That's true Jason, some of their models are nice. Couple of my friends wear Suuntos and one of them has showed interest in my watches, particularly my G-Shock.

Thank you for the link, Nick! I've surfed on the internet's watch sites for few years and never seen that company before. I try to contact them and get forward on getting the Seiko running again.

Little update: I just discovered that the alarm is working after all, so only the main hands are not working.









Jussi


----------



## N_B

If your certain its broke go for the new movement....hope you've tried the IC reset several times tho just to be sure







. On mine as per the instuctions, the main crown was out two clicks, then pressed A&B rapidly one after each other...then pressed them rapidly together, then main hands decided to work.

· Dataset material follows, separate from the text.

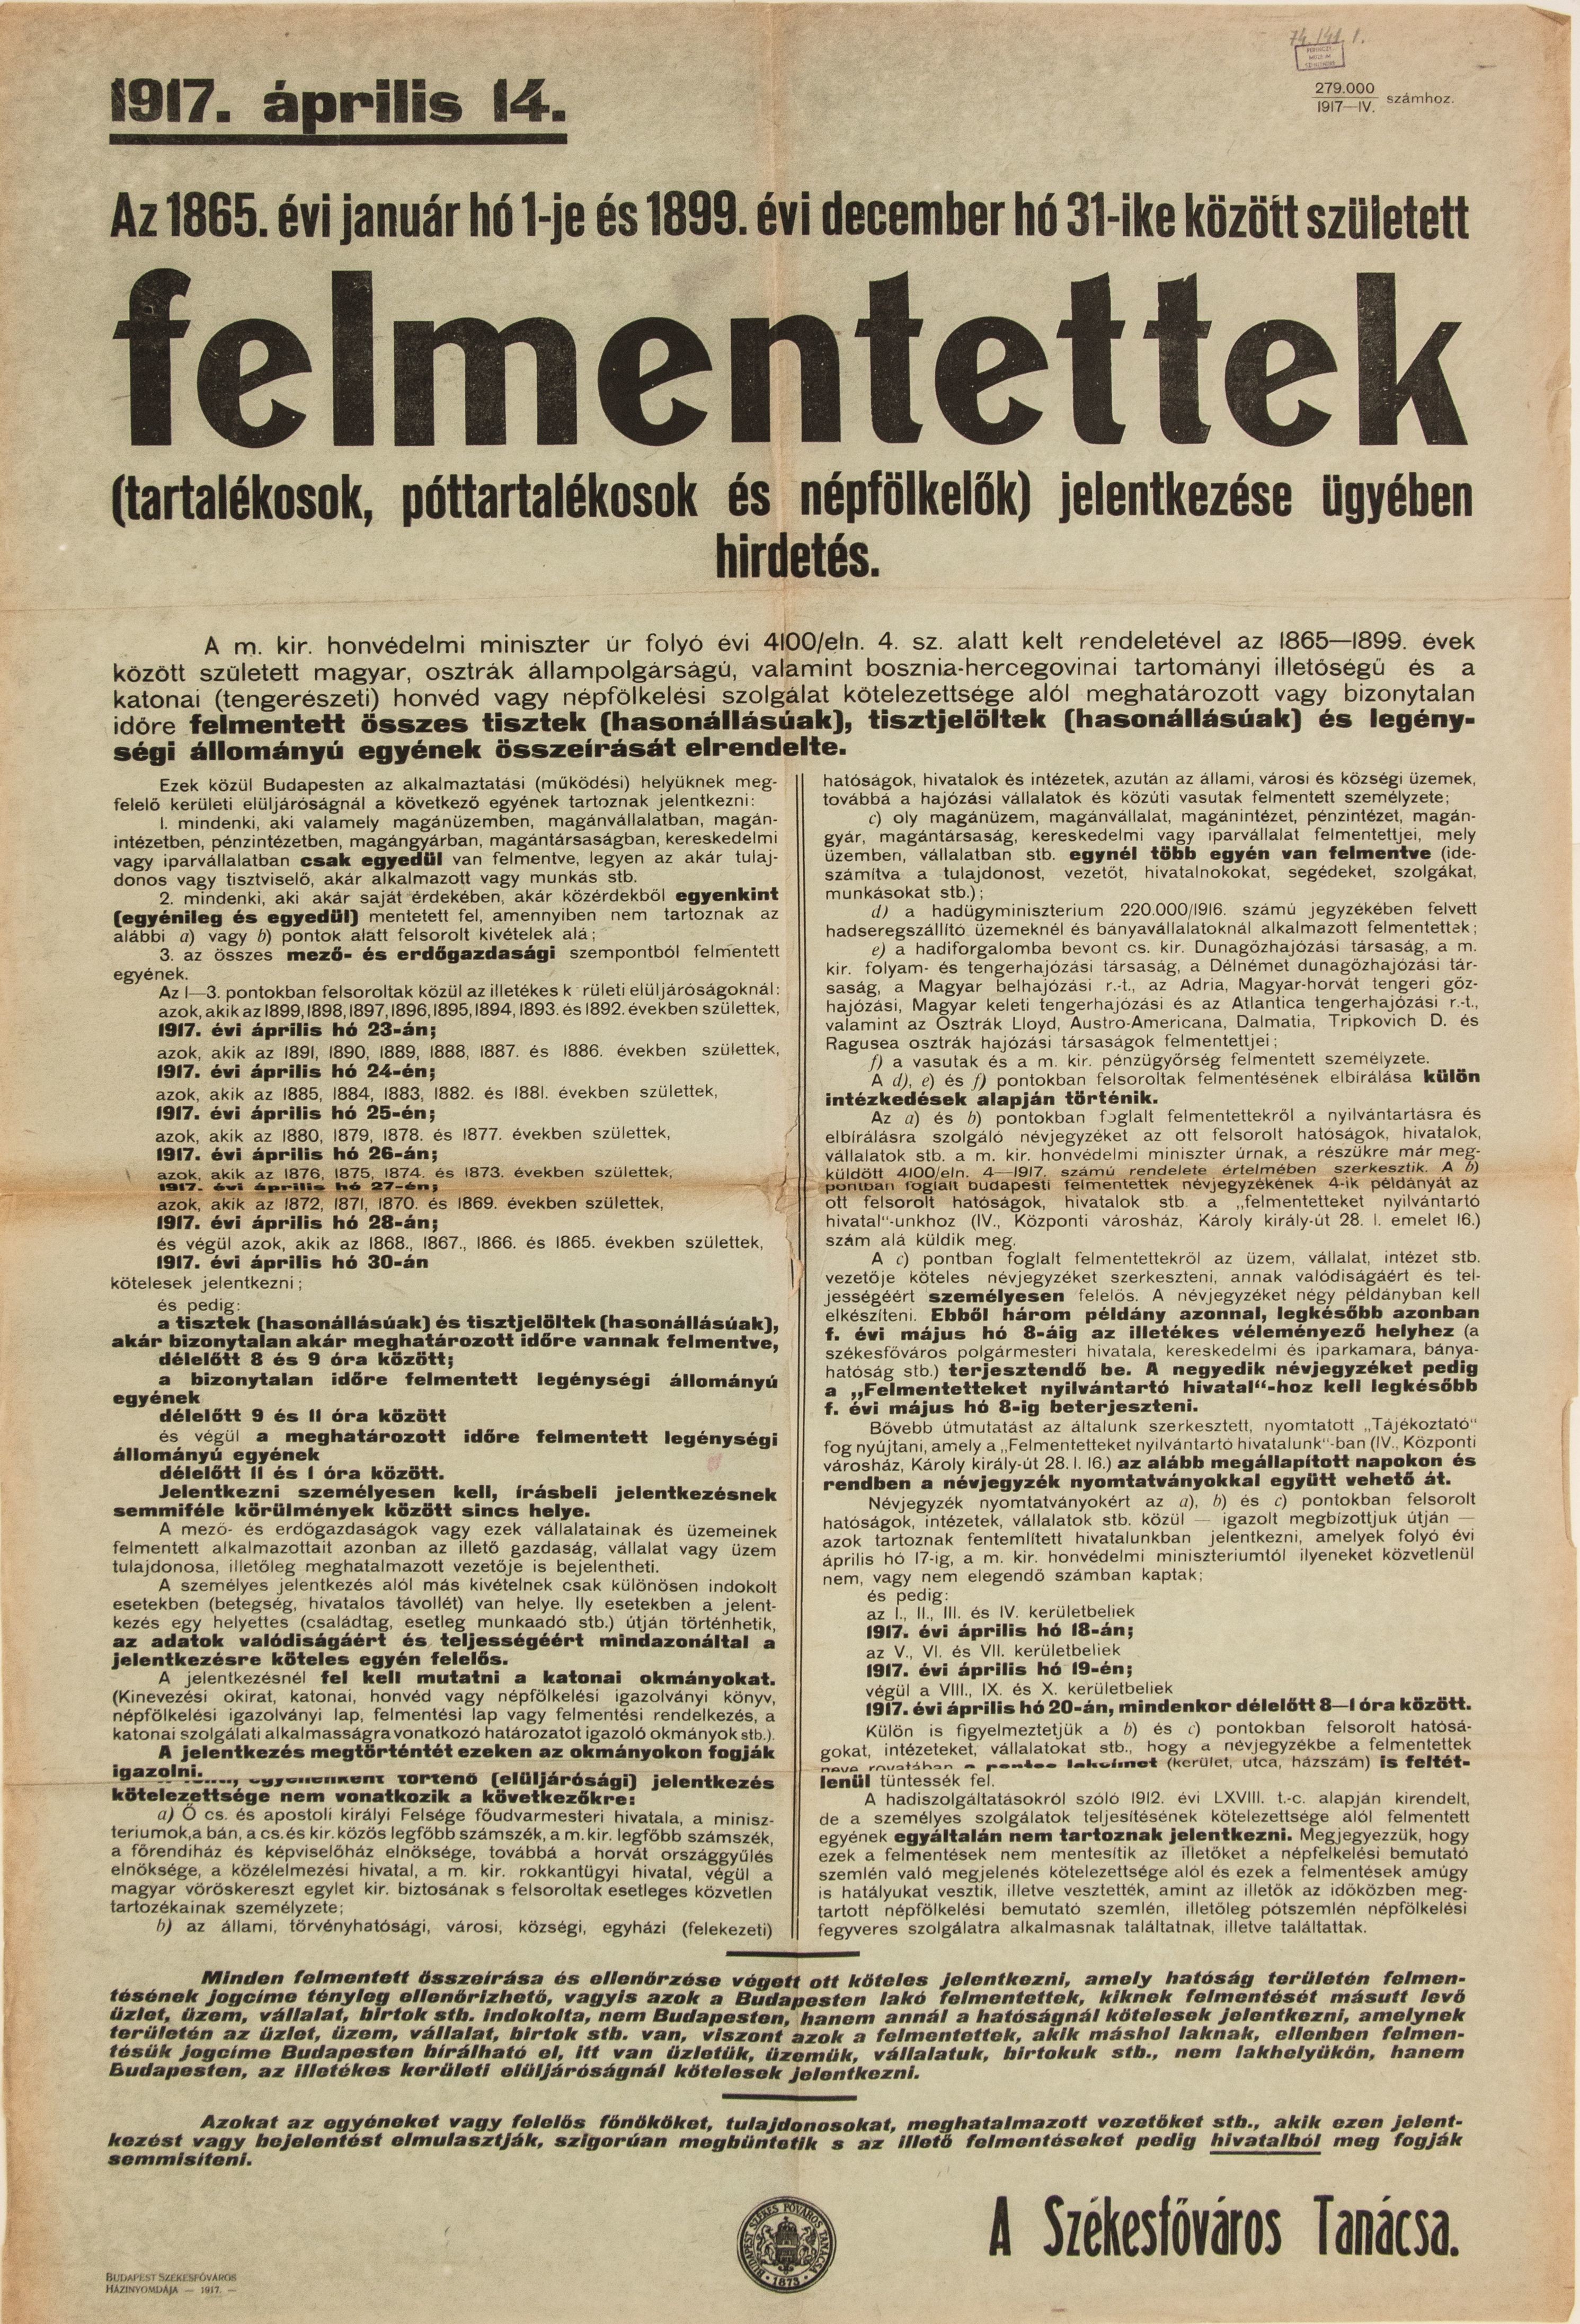 Katonai szolgálat alól felmentettek jelentkezése ügyében hirdetés, 1917.04.14. (kékes alap, fekete betű) (Ferenczy Múzeumi Centrum CC BY-NC-SA)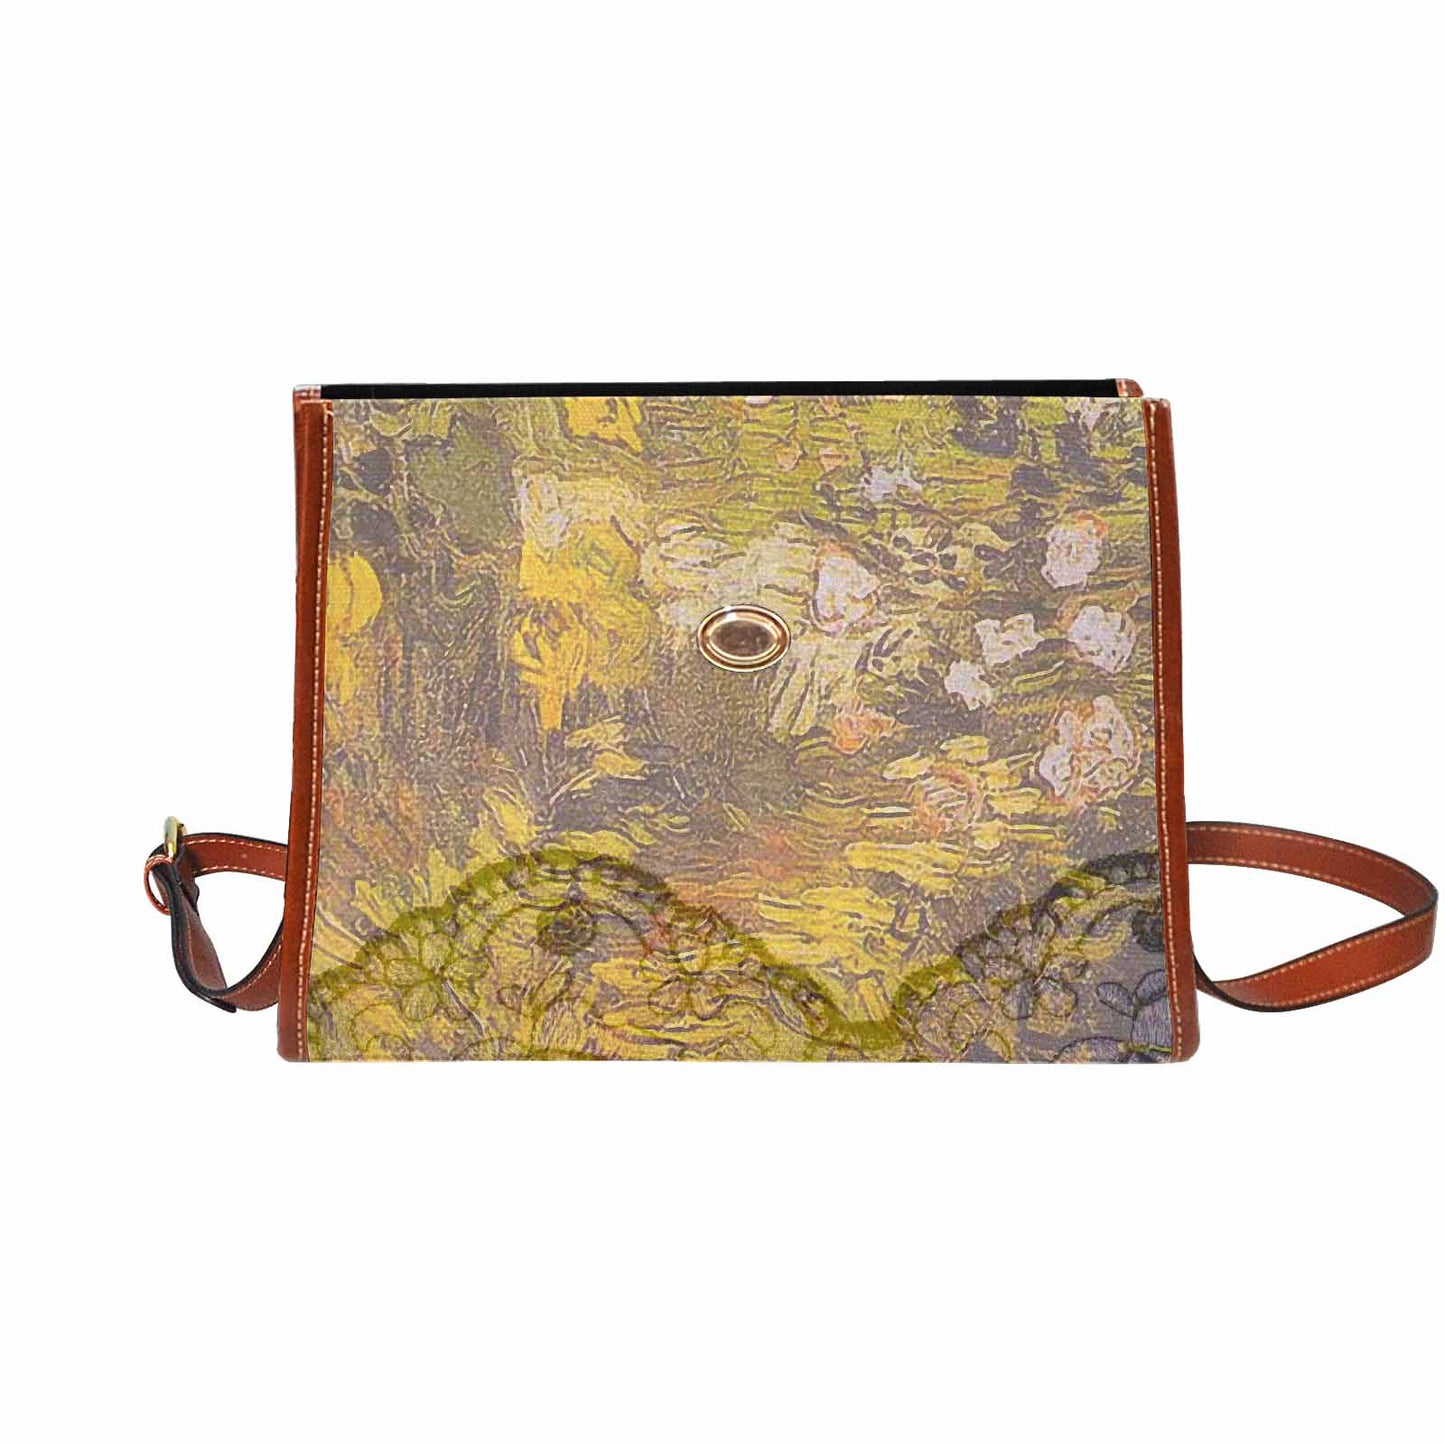 Vintage Floral Handbag, Design 05x Model 1695341 C20

These electrics have a mind of their own...tsk


----------



## N_B

error trying to upload pic


----------



## jasonm

Your links not working Nick


----------



## Jussi

I've done all the resets at least dozen times







. But I'll be in touch with the clock spares tomorrow. There's only one but.. I'm not sure how i'll sell thisidea to my wife. I received SKX007K2 from Roy tuesday and my wife told me: "next watch, next year"







We are now talking about movement, not watch, though.


----------



## N_B

the same watch only mine has a blk leather/white stitching strap


----------